Adhi of Prospera said “those with a vocational education background are more often left unemployed compared to others, which may suggest a mismatch between industry needs and education”.
Devanto said the high number of unemployed educated youth indicated that they tend to take a “wait and see” attitude on economic conditions. “Some studies have called it ‘luxury unemployment’,” he said.
However, among the ‘lower income segment’ of youth – those with no more than a secondary school education – lower unemployment rates “should be interpreted cautiously”.
That was because they had “less choice to remain unemployed and must enter the labour market, particularly in the informal sector, to bring income to their households,” said Devanto.
Fakhri, at Jakarta State University, is one of these. He said he needed to find work “as soon as possible” to help his widowed mother. He was able to attend university as his good grades earned him a government scholarship.
Professor Devanto also said unemployment rates have been higher in towns and cities than in rural areas.
The professor said unemployment falling this year was down to “the growing economy post-pandemic and relaxation of mobility” after “wait and see periods during the pandemic”.
Indonesia needs 5 per cent economic growth per year for four years in a row to increase the share of formal sector employment from 40 per cent to 45 per cent (the top level of formal sector employment before the pandemic), said Devanto, citing the 2015-2019 period as an example.
He said if the Indonesian economy can grow higher than 5 per cent a year, then formal sector employment levels can return to pre-pandemic levels more quickly.
The World Bank has forecast Indonesia’s GDP to grow by 5.1 per cent this year.
Despite sporadic protests against the rising cost of everyday goods, analysts are optimistic the world’s fourth most populous nation will avoid a Sri Lanka-style anti-government social unrest.
Arya Fernandes, the head of the Department of Politics and Social Change at Indonesia’s Centre for Strategic and International Studies (CSIS), said that in general, the public has lately increasingly supported the government.

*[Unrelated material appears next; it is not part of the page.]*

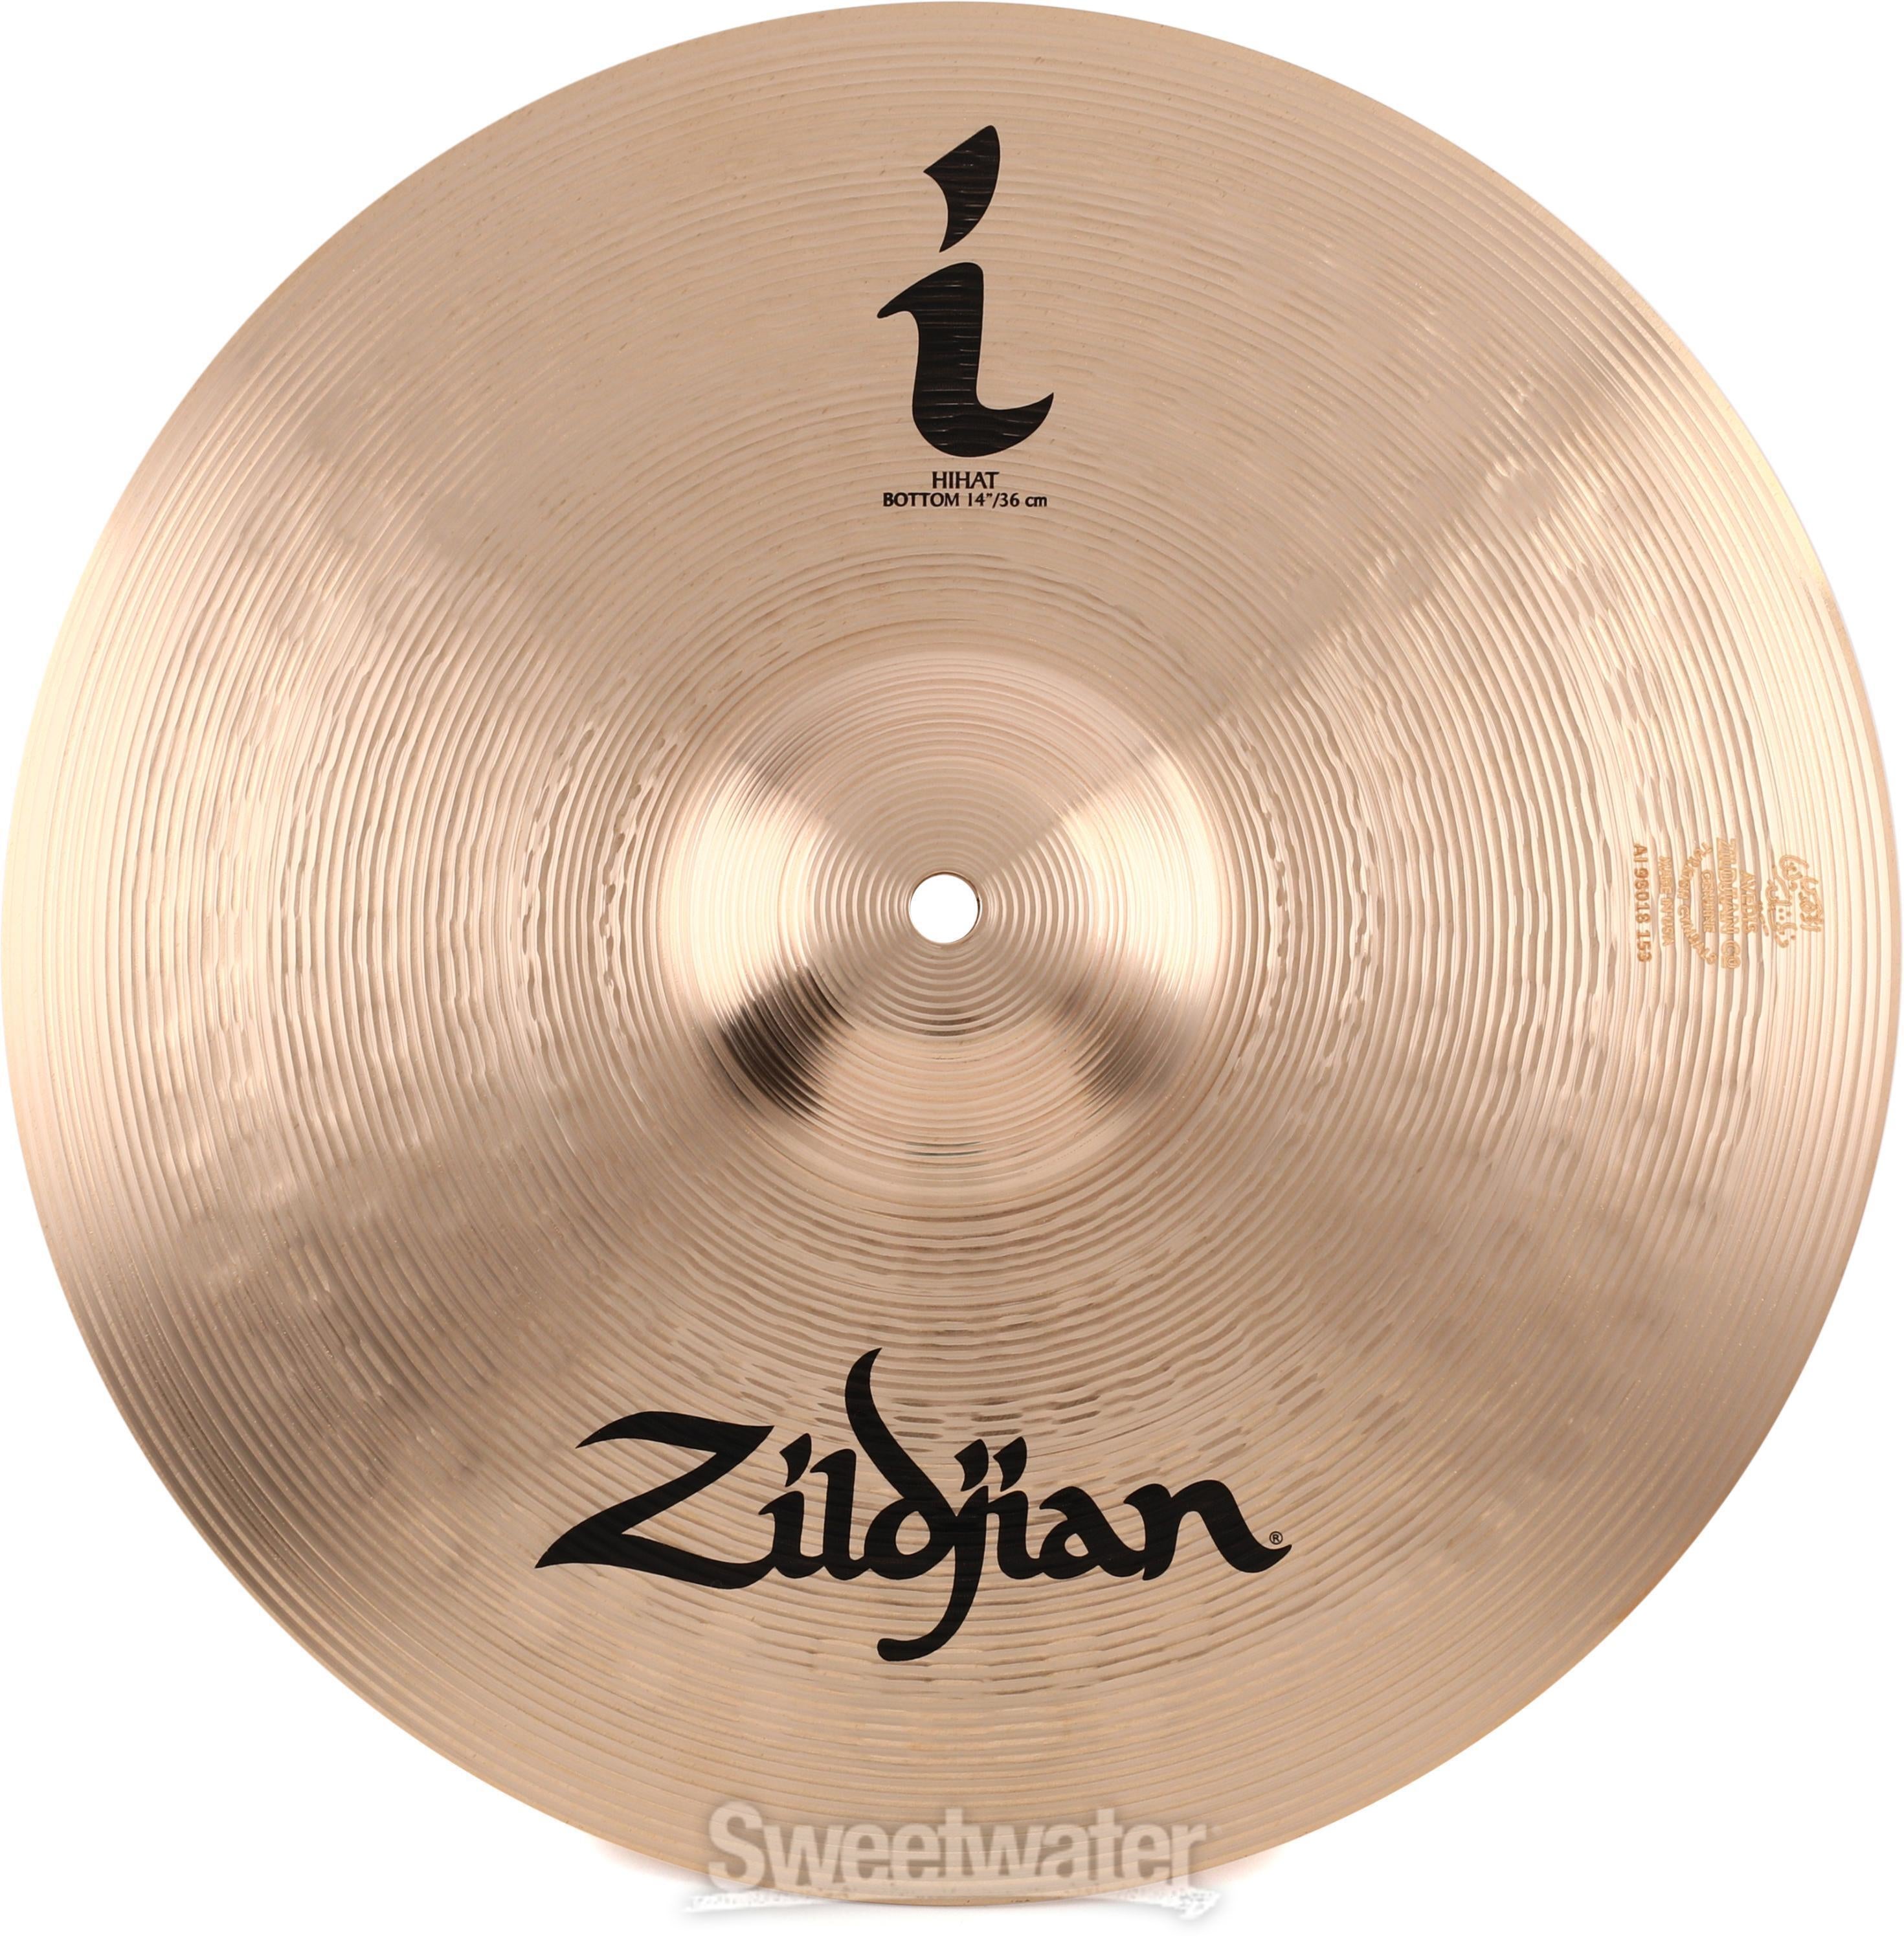 Zildjian 14 inch I Series Hi-hat Cymbals | Sweetwater
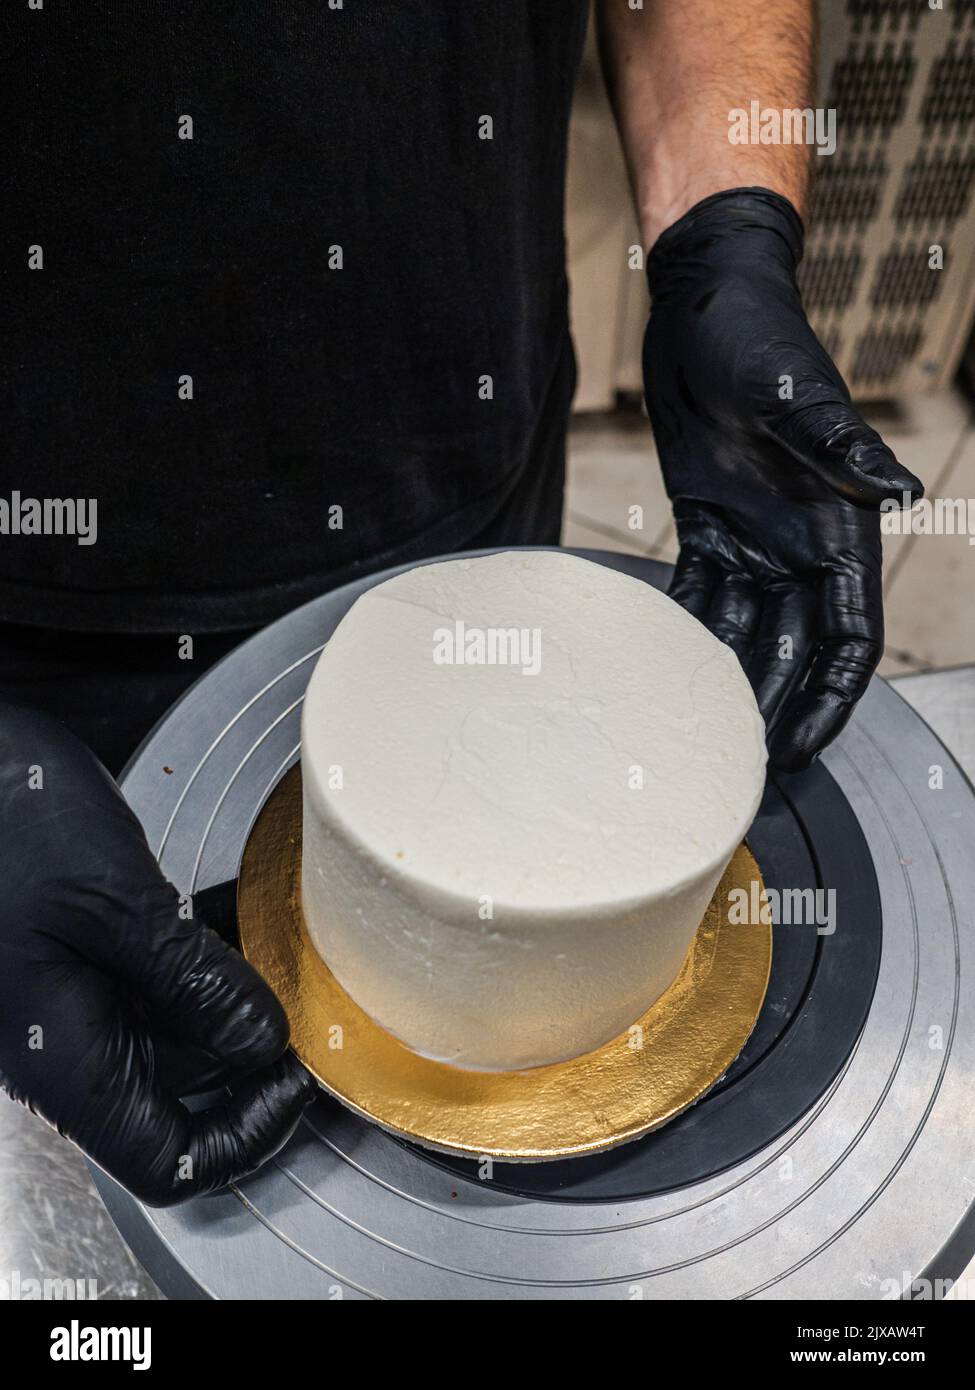 Decorador con espátula y rascador para suavizar el cremoso de mantequilla en un pastel esmerilado Foto de stock

“The government is viewed as being successful in handling Covid-19,” said Arya, adding that one factor for that perception is “the giving of subsidies to the lower-middle income group. This has made public support relatively stable”.
He said while the prices of essential goods were still high, especially cooking oil, the government had the situation under control, giving subsidies for the last three months to the nation’s poorest people. This has “secured political stability”.
“Added to that, the opposition is weak. Support from political parties in parliament to (President) Jokowi has reached 80 per cent,” said Arya.